Elle mourra sûrement bien après lui. Elle est hors du commun. Plus que lui. Elle est insupportable par conséquent. Un peu comme lui. Ils ne sont pas comme tout le monde. Ils sont plus grands. Beaucoup plus haut perchés. Ils sont différents. Elle est sublime. Il est génial. Ils ne s’accordent pas. Pourraient-ils l’un à l’autre s’accorder ? Il en doute. Depuis longtemps. Loin, aux confins du monde civilisé, ils ne se connaîtront plus. Ils pourront se fuir et regarder la montagne ou le désert. Ils marcheront. Ils chercheront. Ils seront bien obligés de se tenir les coudes. Ils dissoneront moins.
Il a passé le vieux pont, un peu ridicule. Il imagine tout près le brouhaha et la cohue de Saint-Lazare. Il poursuit sa route. Et il vise l’horizon. Il tente d’apercevoir un bout entre les édifices. Ceux qu’il a lui-même fait bâtir et tous les autres. Les vieux aussi. Il est vieux désormais. Il est officiellement vieux. Pas délabré ni usé. Il est vieux et libre. Richard l’a dit. C’est lui qui l’a dit. C’est cela qui fait tanguer. Et qui enivre. Il boira sec ce soir. Exceptionnellement. Avec Anna. Moins seule pour cette fois. Peut-être qu’elle l’aimera mieux. Lui aussi peut-être. Peut-être qu’ils s’aimeront bien. Il redeviendra ce qu’elle attend de l’homme. Elle lui en veut d’être fort et d’en tirer profit. D’être une belle femme. Elle s’en repaît aussi et elle se déteste. Elle le déteste. Il ne veut pas comprendre. Il ne perd pas son temps. Il lui faut découvrir et penser.

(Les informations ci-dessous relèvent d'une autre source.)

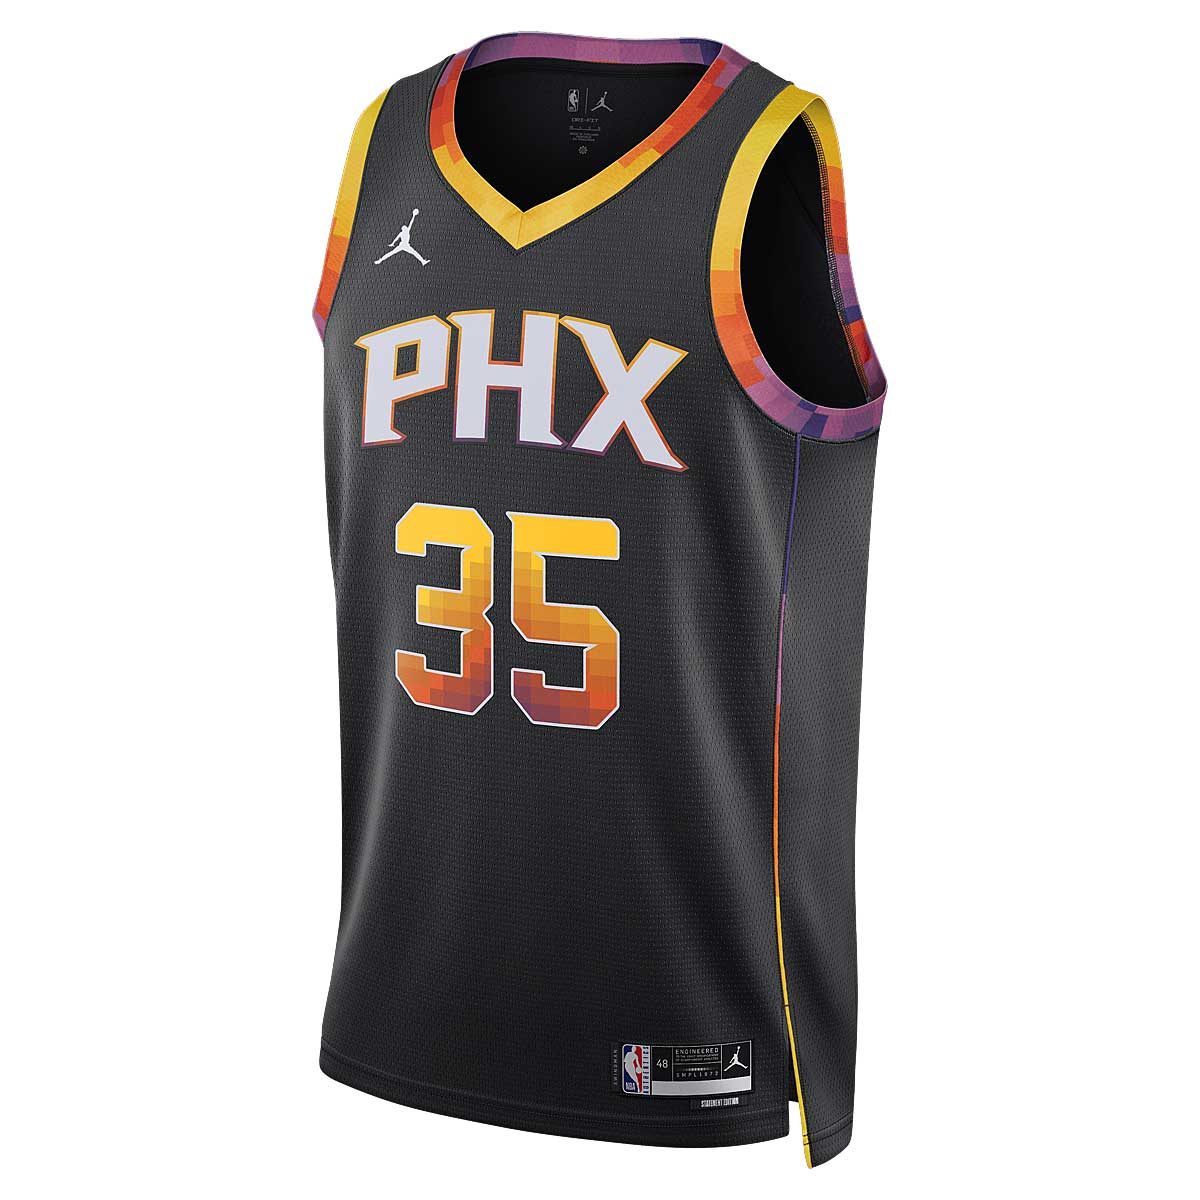 USA Basketball *Durant* Nike Shirt XL XL

L’heure se déroule sous ses pieds qui le porteront bravement lui, John le géant, jusque chez lui.
Il tourne à gauche, à droite. Il suit sa parfaite boussole intérieure. Il ne se soucie pas de cela. Il cavale. Sûrement.
Ce soir, il rentrera et les filles seront là. La petite et la grande. Elles sont de famille aujourd’hui. Pour l’occasion ? Il ne sait pas. Il n’a rien demandé. Il n’a rien à fêter. La liberté et la solitude oui. Mais ce sont des choses qu’on ne dit pas. Les règles du jeu.
Ces heures entières programmées à ce qu’il souhaite analyser jusqu’au trou noir. Atteindre le nerf des questions. Chercher sans réponse. C’est le chemin qui compte. Bien plus que la réponse. Il n’a pas toujours dit cela. Il a désiré plus que tout des réponses et des vérités, à une époque. Il en a fini. C’est aujourd’hui le dernier jour des certitudes. Implacable il le restera. Mais les questions s’étendront aussi loin qu’elles le doivent. Elles s’ouvriront, aussi libre qu’il est de mourir désormais. Il s’endormira ce soir-là avec la peur intense de ne plus se réveiller. Les lions sont lâchés.

La retraite prend forme les jours qui suivent. Tous les matins, il se réveille bien. Il soulève les paupières et s’étonne. Il est moins rationnel. Il s’inquiète à se voir faiblir ainsi. Il s’aventure aussi gaiement. Une forme sombre de gaieté. Celle, sans doute, de celui qui n’a plus rien à perdre. Tout est accompli ou déjà perdu. A partir de là, tout est bonus. ? Plus rien n’est nécessaire. Sale coup.
Il passe ses heures dans son salon. Il prend possession d’une pièce. Le territoire. Il respecte les horaires. Les mêmes. Il les inculque à Anna, l’indocile. Elle se rebiffe. Elle s’éclipse sans crier gare. Alors c’est lui qui crie.
Il calcule tout le jour. Il plie le monde en chiffres et symboles. Il est le seul à des kilomètres à la ronde à comprendre ce charabia. Il griffonne jusqu’à l’appel du repas. A heure précise. Et seul à table, il attend d’être servi. Il ronchonne. Le temps se perd. Il ne prend toujours pas le temps. Il peut encore moins que jamais, puisque, il a franchi la première porte vers la mort.